Ooh! questionaires!
tho it was intended for Other person, you can't stop me from posting.
When I'm angry: I get hyperactive and make jokes about everything, eventually getting so hyper that my mind explodes into itself, and I have to lay down for at least 20 hours.
When I'm sad: I rarely feel "not sad", except when I'm high on cough syrup.
When I'm lonely: I look for somebody to talk to on the interbuttz or IRL, depending what seems like less trouble (usually the intardnuts)
When I'm happy: I am hallucinating
The best year of my life was: This one, because I have bad memory and I don't remember exactly how awesome where the other ones.
Lying is: Impossible. If you say something different than what really happened, the person whom you say it to will believe that that is what happened, and then there will be a conflict of "point of views", but that doesn't mean that the lie is invalid.
I don't lie because "transfering accurate information" is important to me.
My current annoyance is: Being unable to finish a job I have, and it is so simple...
I want to buy: A dress, a laptop and a ticket to anywhere.

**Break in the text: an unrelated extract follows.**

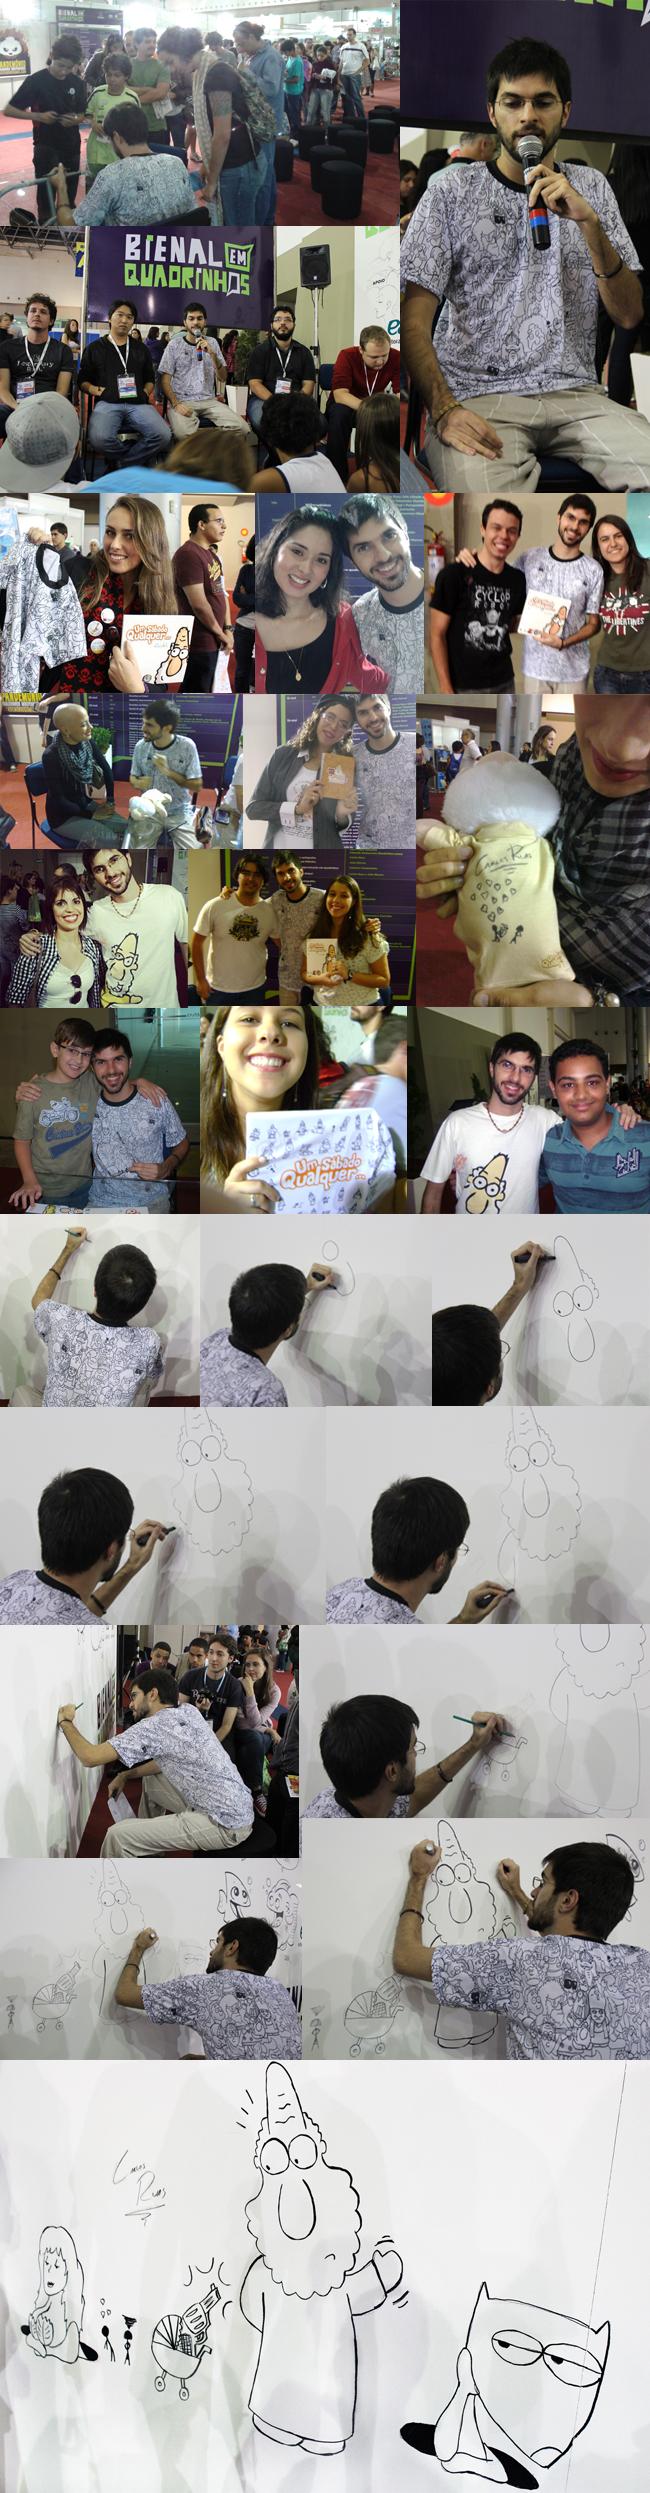 Bienal de BH 2012
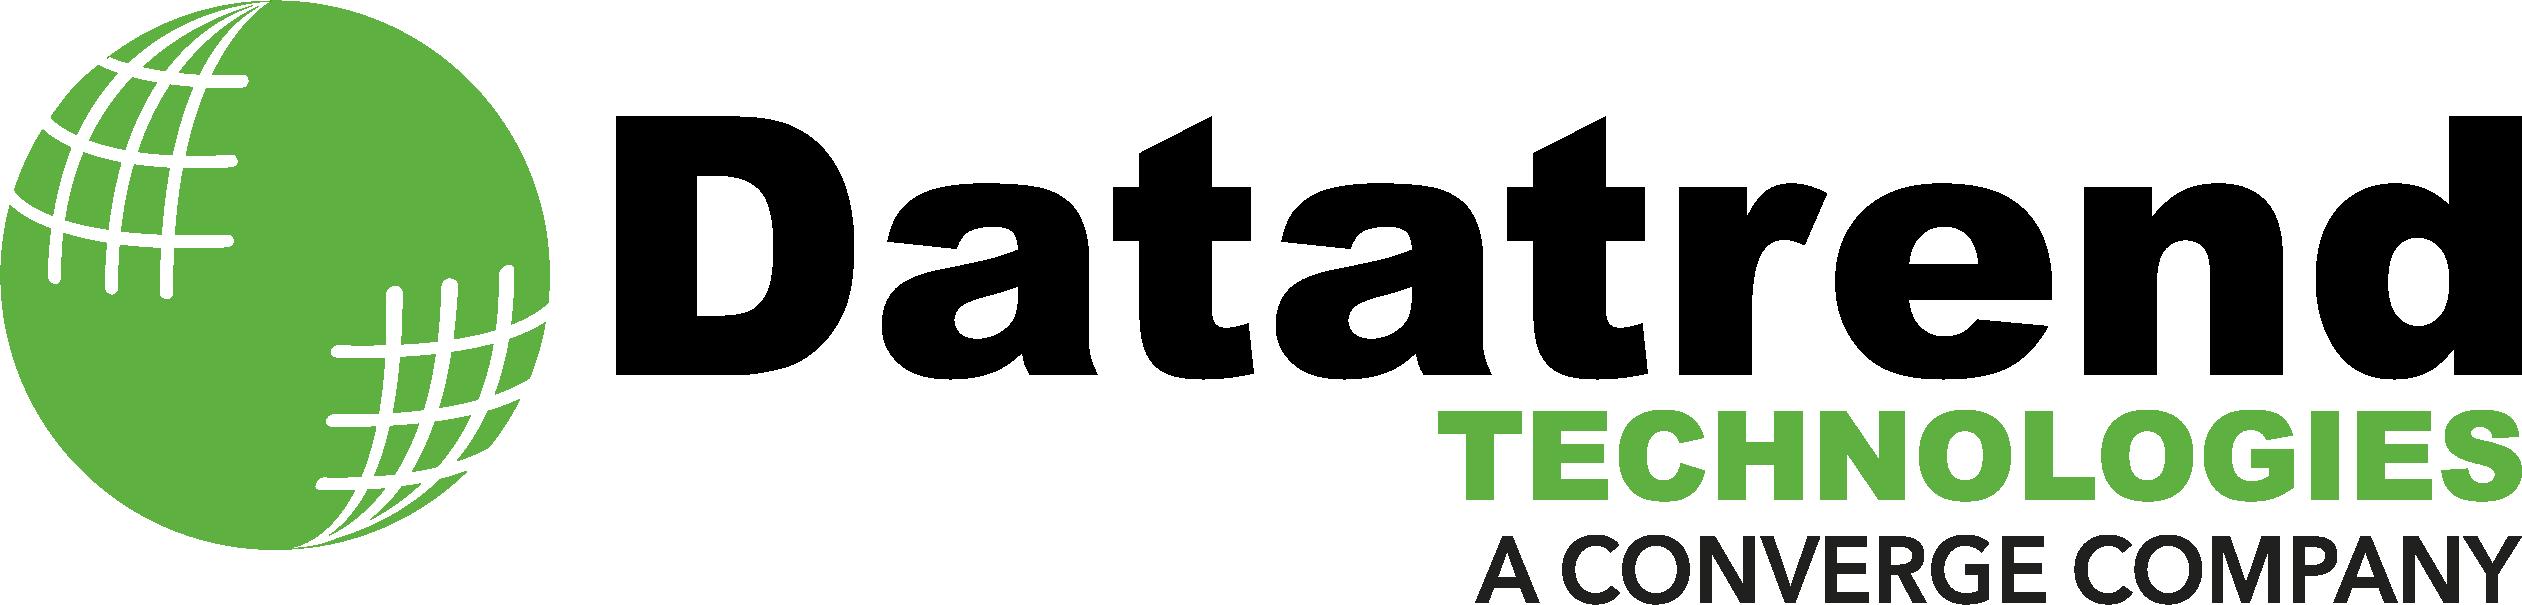 Datatrend Technologies_Main_CTS

If you visited the place I'm from: I'd steal a wallet. And show you around, take you to dinner (pay with your money) and do fun stuff.
If I died today: I secretely wish that'd happen, but it has never happened so far.
My first job was: Making a program for some dude who gave me the worst advice ever, sending me into a journey of mediocrity.
I collect: Thoughts and dreams.
Yay

re: corns
A unicorn and another unicorn get married and become bicorn, then they have children and they are known as the multicorns. Then Tony the tiger comes an takes them all and that's what you eat in the morning, dead unicorns.